Utilizing field collected insects for next generation sequencing: effects of sampling, storage, and DNA extraction methods
Cite this dataset
Ballare, Kimberly et al. (2020). Utilizing field collected insects for next generation sequencing: effects of sampling, storage, and DNA extraction methods [Dataset]. Dryad. https://doi.org/10.7291/D1CD4P
DNA sequencing technologies continue to advance the biological sciences, expanding opportunities for genomic studies of non-model organisms for basic and applied questions. Despite these opportunities, many next-generation sequencing protocols have been developed assuming a substantial quantity of high molecular weight DNA (>100 ng), which can be difficult to obtain for many study systems. In particular, the ability to sequence field-collected specimens that exhibit varying levels of DNA degradation remains largely unexplored. In this study we investigate the influence of five traditional insect capture and curation methods on Double-Digest Restriction Enzyme Associated DNA (ddRAD) sequencing success for three wild bee species. We sequenced a total of 105 specimens (between 7-13 specimens per species and treatment). We additionally investigated how different DNA quality metrics (including pre-sequence concentration and contamination) predicted downstream sequencing success, and also compared two DNA extraction methods. We report successful library preparation for all specimens, with all treatments and extraction methods producing enough highly reliable loci for population genetic analyses. Although results varied between species, we found that specimens collected by net sampling directly into 100% EtOH or by passive trapping followed by 100% EtOH storage before pinning tended to produce higher quality ddRAD assemblies, likely as a result of rapid specimen desiccation. Surprisingly, we found that specimens preserved in propylene glycol during field sampling exhibited lower-quality assemblies. We provide recommendations for each treatment, extraction method, and DNA quality assessment, and further encourage researchers to consider utilizing a wider variety of specimens for genomic analyses.

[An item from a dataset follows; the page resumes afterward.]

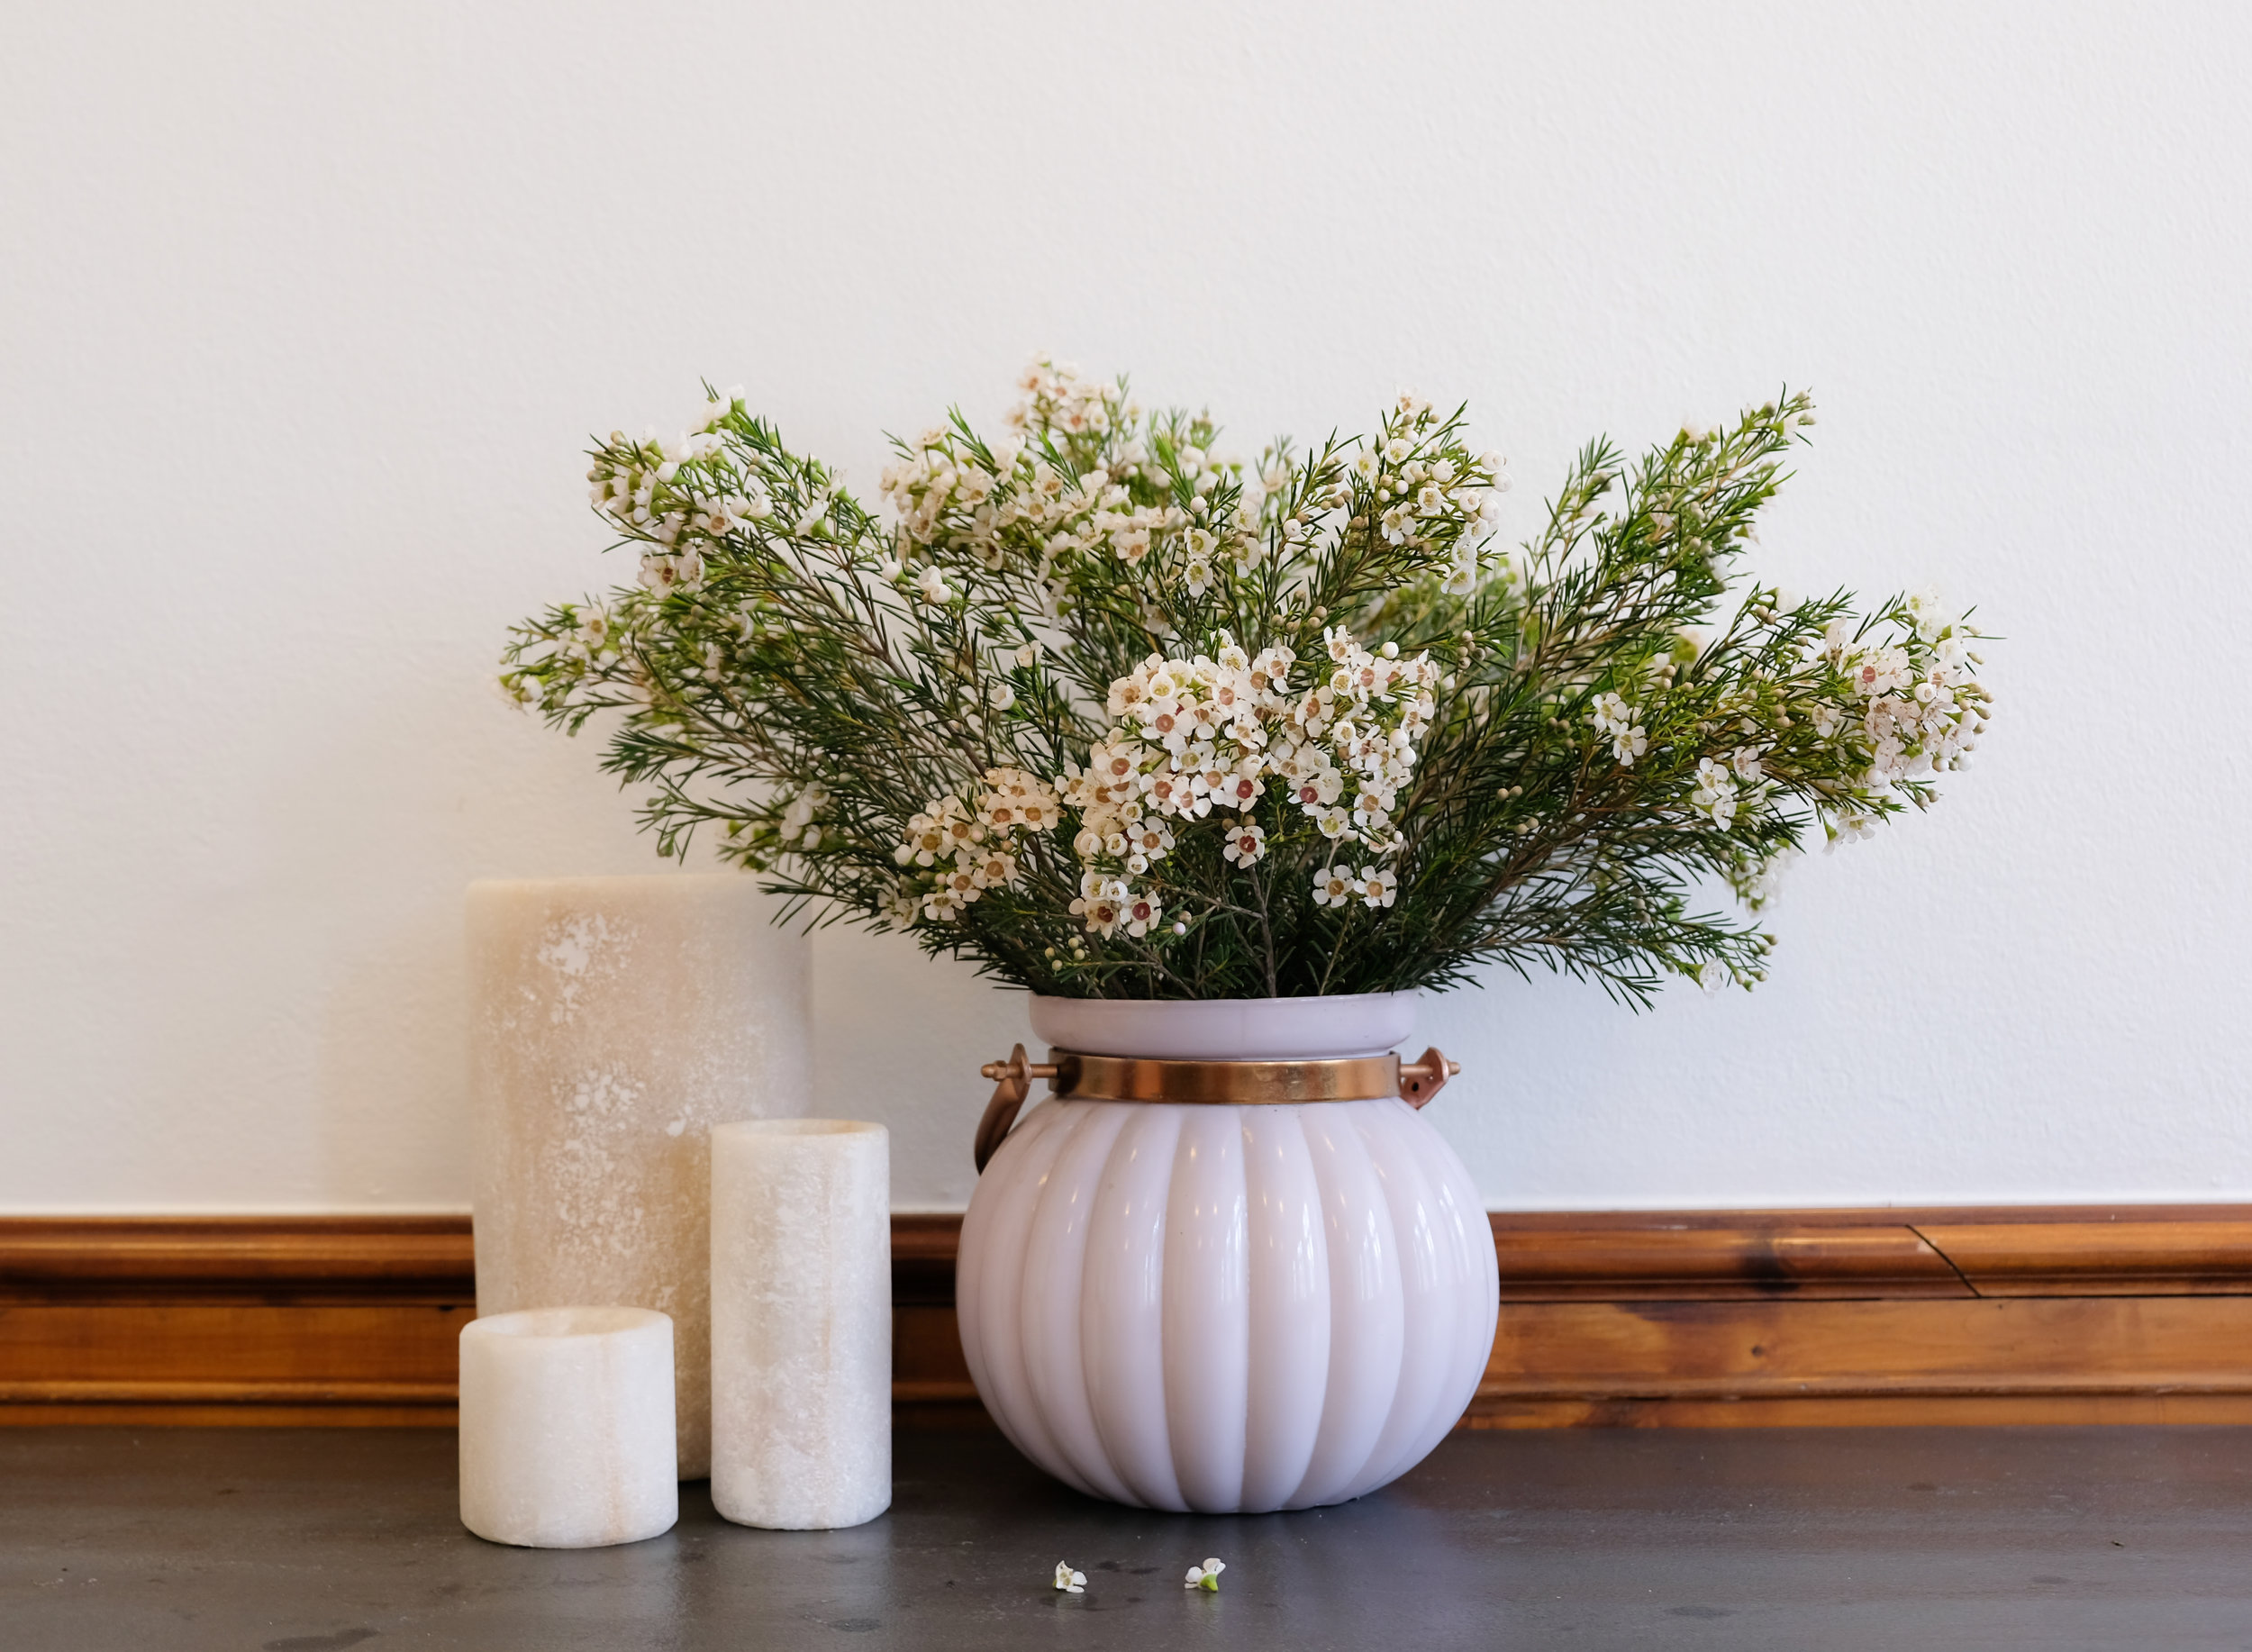 aromaterapi hudpleje kursus

Specimens were captured using three standardized methods including hand netting, blue vane trapping (Stephen & Rao 2007), and pan trapping (Roulston et al. 2007) at 39 sites across Texas during the summers of 2012-2014. All specimens were extracted in Spring 2016 using Qiagen ® DNeasy Blood and Tissue Kit using the standard protocol with a few minor modifications to maximize DNA yield. We extracted approximately 1 cm3 tissue from each specimen, using thoracic tissue from B. pensylvanicus and M. tepaneca, and using the entire specimen for the smaller species L. bardum. . We additionally investigated the DNAzol ® extraction technique for only B. pensylvanicus specimens given the larger size and ample tissue availability. B. pensylvanicus thoraces were divided in half and extracted using a customized DNAzol ® protocol (Chomczynski et al. 1997). One hundred ng of DNA per sample after normalization using PicoGreen ® measurement were digested in 1X NEB Cut Smart Buffer and 100 U each EcoRI-HF and MspI (NEB), for a final volume of 25 µL, at 37°C for 4 hours. Sequencing of all 136 samples was done across two lanes of Illumina HiSeq 2500 operated by the Genomics and Bioinformatics service at Texas A&M University (TAMU), with 125 million reads per lane. De-multiplexing of sequencing reads, trimming of adapters, and removal of barcodes, was performed using bclfastq2 v2.19 (Illumina).
Data includes: 1) a CSV file with individual sample names, sequence read names, treatments, and DNA quality metrics (NanoDrop indices and DNA concentration); 2) tar archive of R data analysis scripts; 3) and tar archives of assembly files and STACKS outputs for Bombus pensylvanicus, Melissodes tepaneca, and Lasioglossum bardum ddRAD assemblies respectively. Each tar archive contains ReadMe files which describe the individual files and usage. See Methods section in Ballare et al. (2019) Ecology and Evolution for further details on analysis methods.